(Brief)
Count how many lines in the material below hold the word "news"; the reply is that number alone.
────────────────
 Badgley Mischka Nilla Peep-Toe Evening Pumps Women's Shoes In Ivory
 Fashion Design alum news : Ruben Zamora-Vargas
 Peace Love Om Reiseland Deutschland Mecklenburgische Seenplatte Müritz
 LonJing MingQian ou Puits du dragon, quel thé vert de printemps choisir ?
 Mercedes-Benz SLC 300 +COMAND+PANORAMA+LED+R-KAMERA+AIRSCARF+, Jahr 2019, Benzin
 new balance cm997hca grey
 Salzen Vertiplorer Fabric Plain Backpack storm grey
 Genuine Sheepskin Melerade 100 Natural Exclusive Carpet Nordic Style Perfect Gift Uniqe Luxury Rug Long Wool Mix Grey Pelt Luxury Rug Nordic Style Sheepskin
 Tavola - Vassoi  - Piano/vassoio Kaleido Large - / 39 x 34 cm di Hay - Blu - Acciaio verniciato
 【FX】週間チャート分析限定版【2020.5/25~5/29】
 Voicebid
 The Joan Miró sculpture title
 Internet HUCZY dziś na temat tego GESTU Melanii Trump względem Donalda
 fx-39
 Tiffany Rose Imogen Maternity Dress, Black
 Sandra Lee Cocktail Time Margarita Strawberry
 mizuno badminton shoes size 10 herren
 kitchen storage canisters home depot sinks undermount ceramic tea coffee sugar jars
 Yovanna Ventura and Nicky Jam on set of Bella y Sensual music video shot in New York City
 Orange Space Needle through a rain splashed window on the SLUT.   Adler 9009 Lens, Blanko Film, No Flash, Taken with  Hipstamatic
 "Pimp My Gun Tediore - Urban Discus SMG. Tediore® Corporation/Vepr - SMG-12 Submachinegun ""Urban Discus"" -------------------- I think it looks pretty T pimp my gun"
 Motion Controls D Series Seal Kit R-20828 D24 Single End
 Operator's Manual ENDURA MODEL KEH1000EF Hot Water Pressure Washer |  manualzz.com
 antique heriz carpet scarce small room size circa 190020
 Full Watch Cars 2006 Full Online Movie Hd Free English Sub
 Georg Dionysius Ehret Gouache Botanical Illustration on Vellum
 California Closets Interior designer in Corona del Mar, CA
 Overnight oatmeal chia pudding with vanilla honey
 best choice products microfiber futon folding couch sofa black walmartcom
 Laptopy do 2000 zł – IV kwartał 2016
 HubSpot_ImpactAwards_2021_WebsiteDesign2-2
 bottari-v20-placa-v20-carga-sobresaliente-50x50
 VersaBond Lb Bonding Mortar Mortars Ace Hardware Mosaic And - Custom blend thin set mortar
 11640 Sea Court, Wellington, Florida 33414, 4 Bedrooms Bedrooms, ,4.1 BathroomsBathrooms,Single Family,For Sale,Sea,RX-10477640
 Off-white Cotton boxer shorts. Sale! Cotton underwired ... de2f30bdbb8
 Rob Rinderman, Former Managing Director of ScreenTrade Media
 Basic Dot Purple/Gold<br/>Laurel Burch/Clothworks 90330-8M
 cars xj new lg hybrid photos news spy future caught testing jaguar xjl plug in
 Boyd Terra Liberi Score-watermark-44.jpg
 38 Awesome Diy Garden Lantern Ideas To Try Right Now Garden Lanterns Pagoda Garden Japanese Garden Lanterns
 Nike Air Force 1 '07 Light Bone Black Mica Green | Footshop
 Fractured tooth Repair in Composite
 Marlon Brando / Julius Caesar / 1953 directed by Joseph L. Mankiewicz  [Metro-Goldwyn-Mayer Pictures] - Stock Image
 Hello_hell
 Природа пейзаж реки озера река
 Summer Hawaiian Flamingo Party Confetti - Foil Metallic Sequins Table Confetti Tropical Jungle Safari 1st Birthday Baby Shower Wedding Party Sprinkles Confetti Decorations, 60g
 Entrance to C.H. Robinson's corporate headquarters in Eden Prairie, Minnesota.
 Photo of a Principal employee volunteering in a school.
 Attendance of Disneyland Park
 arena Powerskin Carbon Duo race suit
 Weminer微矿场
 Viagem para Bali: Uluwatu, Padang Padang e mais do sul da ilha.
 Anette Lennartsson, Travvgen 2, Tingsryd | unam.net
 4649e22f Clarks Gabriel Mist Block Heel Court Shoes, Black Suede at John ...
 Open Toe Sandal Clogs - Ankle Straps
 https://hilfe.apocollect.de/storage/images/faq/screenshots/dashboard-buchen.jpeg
────────────────
(Response area)
2